How the BCS keeps small bowls alive
I’m reading Death to the BCS, an excellent book about the truth behind the Bowl Championship Series written by Dan Wetzel, Josh Peter and Jeff Passan. It’s an eye-opening read about how the bowls are fleecing colleges under the guise of non-profit (or charity) status. I really can’t recommend the book enough.
Here’s an excerpt about how the BCS keeps small bowls alive:
Know this about the bowl system: It is not subject to a free market, and this is where the future of the smaller bowls comes into play. If left alone, the minor bowls would collapse, and they would collapse spectacularly.
The BCS operates much like a government, offering a form of welfare to ensure the survival of small bowls. Industry insiders estimate just fourteen of the thirty-five current bowl games are self-sufficient. The rest profit from a system that takes money from universities and guides it into the pockets of bowl operators.
It’s more shell game than bowl game.
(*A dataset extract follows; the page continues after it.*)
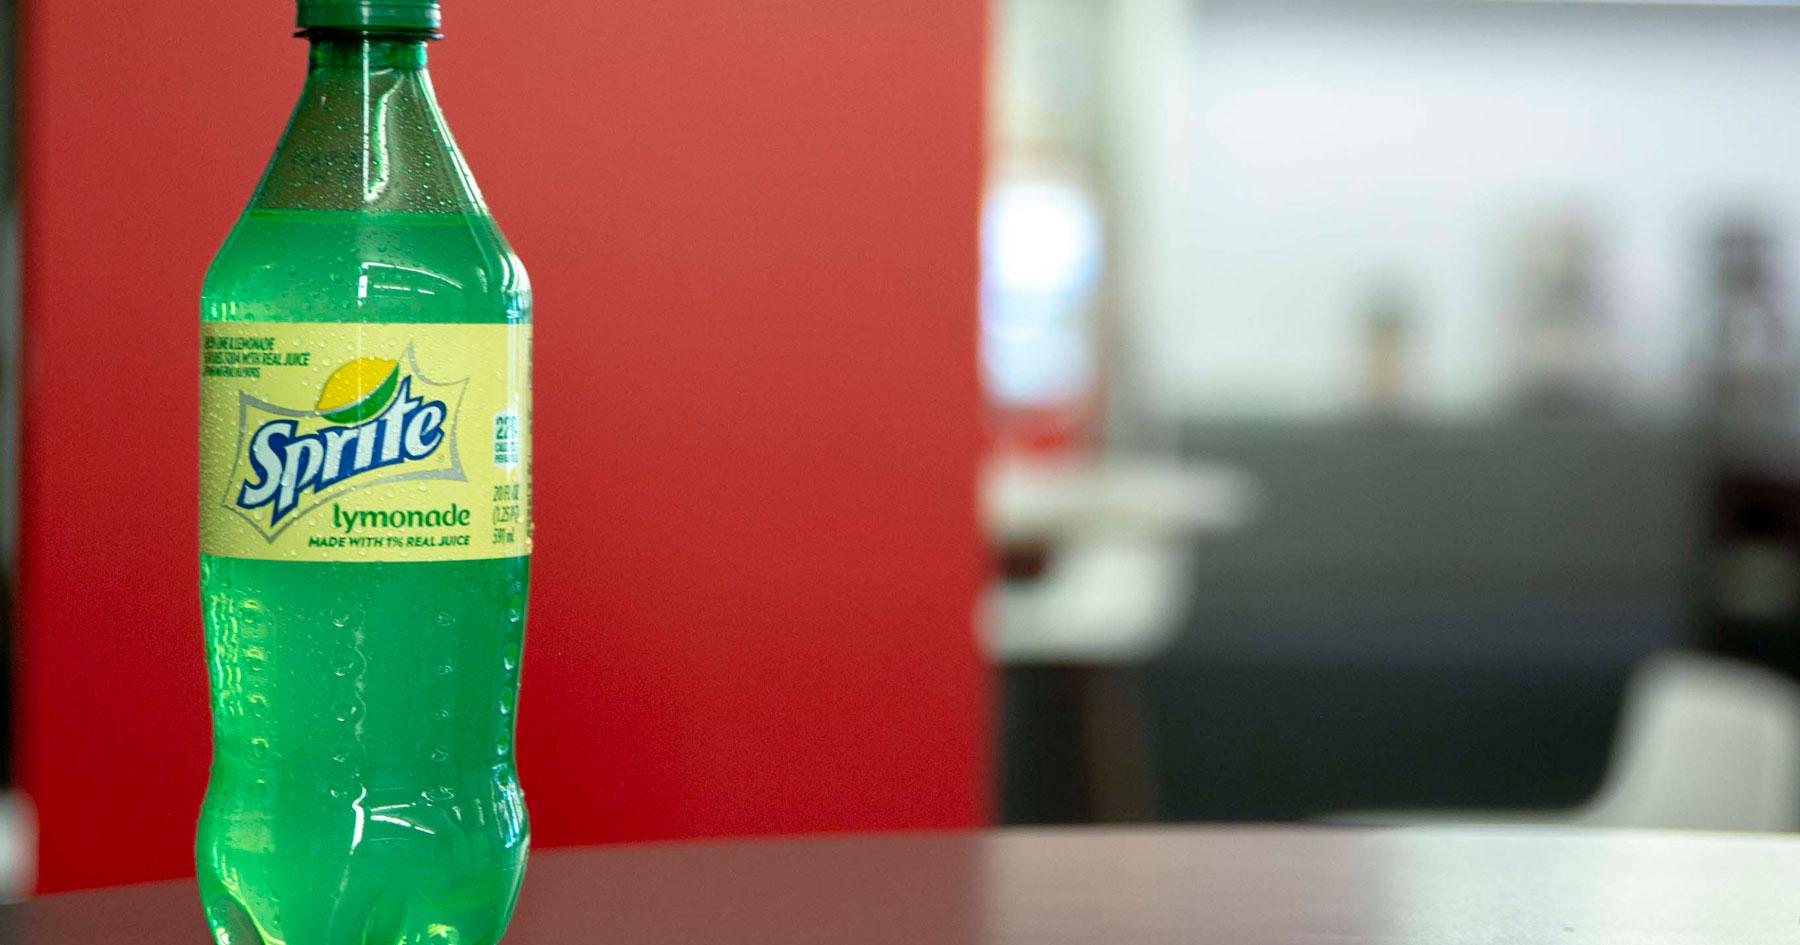 Sprite ?adds A Subtle Splash Of Lemonade? photo

Take Minnesota, which agreed to buy 10,500 full-price tickets to the 2008 Insight Bowl in Tempe, Arizona, according to records the school filed with the NCAA. When Minnesota sold only 1,512, it incurred a $434, 340 loss on tickets alone. It spent an additional $1.2 million on travel costs and other expenses. In the end, it cost Minnesota $1.7 million to collect the bowl’s $1.2 million payout. In a vacuum, Minnesota’s bowl experience would have been at least a half-million-dollar financial drain.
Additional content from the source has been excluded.